The first group of plays is what Tyl himself called 'pictures from life' and these plays show the life of Czech society, especially of 'petit bourgeoisie' . One such example is a play called 'Arsonist's Daughter'. They have one common denominator - they feature Czech people who thanks to their wits and abilities win over their German-speaking neighbours, be they born Germans or Czechs who gave up the Czech language and started speaking German in order to be better off as members of the German society.

"Then come 'dramatic fairy tales', such as "The Strakonice Bagpiper", a genre which came to the Czech Lands from Vienna. They show virtues of ordinary Czech people but added are fairy-tale figures: witches, fairies etc., as well as spell-bound musical instruments - a popular theme widely used since the times of Mozart and his Magic Flute."

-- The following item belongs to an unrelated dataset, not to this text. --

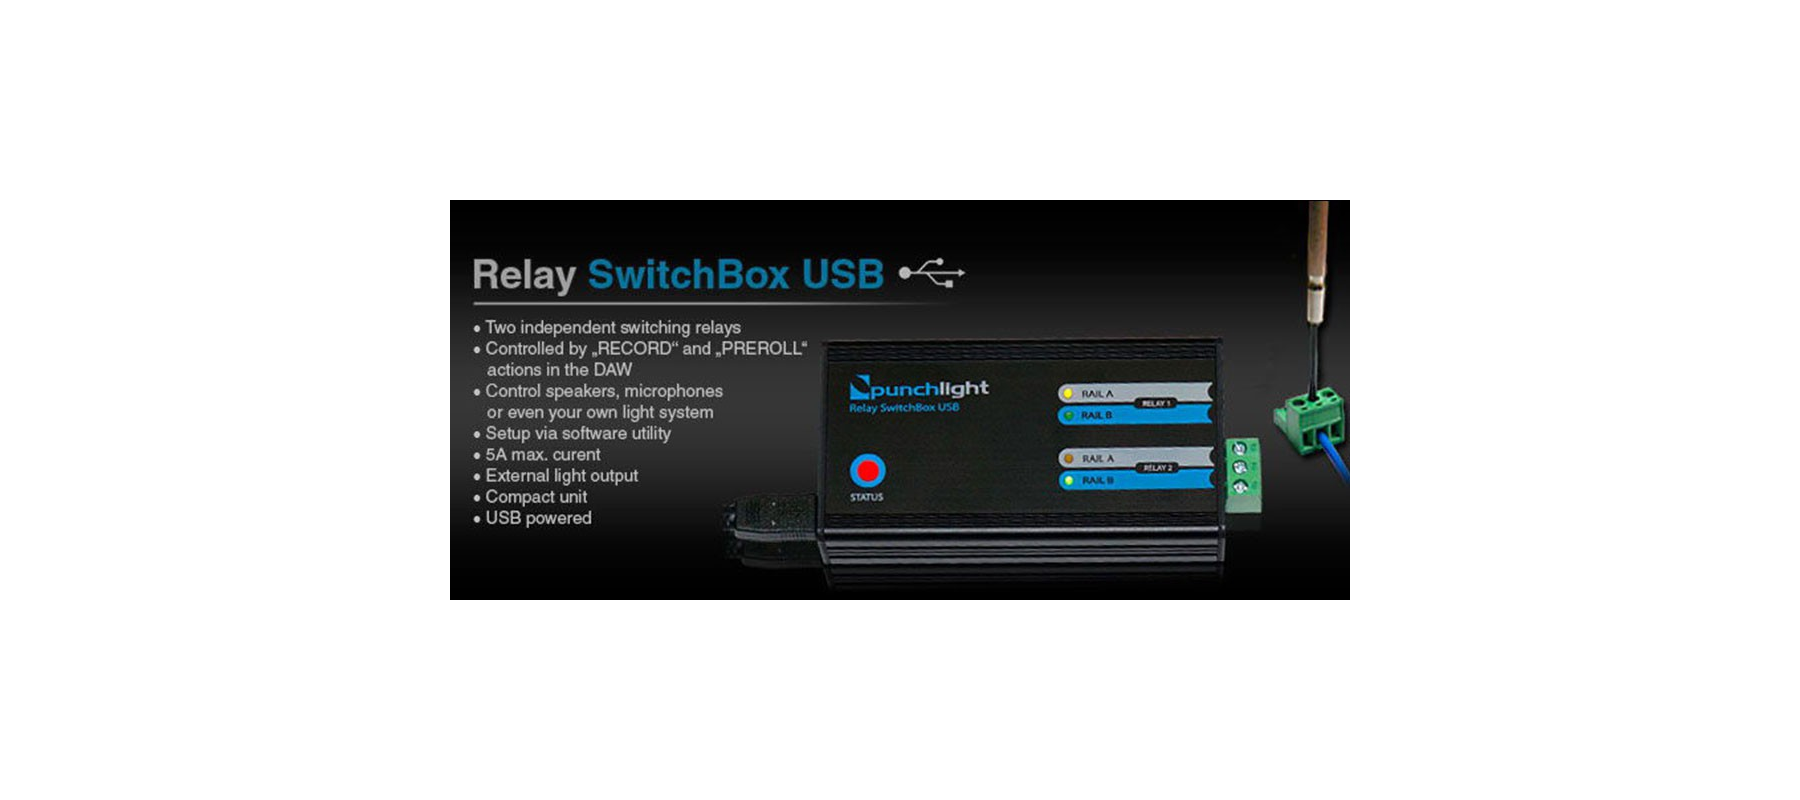 Punchlight Relay Swtchbox USB

Tyl's historic plays - which form the third group - were written with a clear purpose: Tyl worked with famous persons or famous periods of Czech history, which became a kind of models depicting the bravery of the Czech nation. His most famous historic play, Jan Hus shows the courage of the 15th century Czech reformer, who triggered one of the most famous chapters in Czech history- the Hussite movement. There were many things that could not been said openly because of the strict censorship from the part of the Austrian authorities, that's why Tyl had to borrow parallels from the past.

When I looked for facts from Tyl's private life, I was surprised to find out that although he was married to actress Magdalena Forchheimova, he had children with her younger sister Anna.

"He married Magdalena and had children with Anna, but according to what we know now, this strange household seems to have functioned very well. Magdalena Forchheimova was Josef's colleague from a travelling theatre troupes. On one of their journeys Tyl fell ill, Magdalena cared for him and he decided to marry her. She was an experienced actress, who had been acting since the age of 16. But despite their common interest, the two were much too different: while Tyl was filled with ideas on how to organise social life and free the Czech nation from the Austrian yoke, Magdalena was a pragmatic woman, mostly interested in money. And there was yet another problem: she could not have children."

Then Anna appeared. She was 14 years younger than Tyl, and she did not resemble her sister at all: she showed immense interest in Tyl's activities, was filled with energy. She, too, was an actress, outstanding especially in the roles of 'naive young girls'. It soon became clear that for Tyl she meant more than simply being his sister-in-law. A peculiar kind of household came into existence: Tyl's wife refused to go, although her sister started giving birth to his children. And so she started to care for them. We don't know now how the two sisters behaved to each other, what kind of feelings they had. When Tyl died in 1856 in Pilsen, Anna was expecting his seventh child.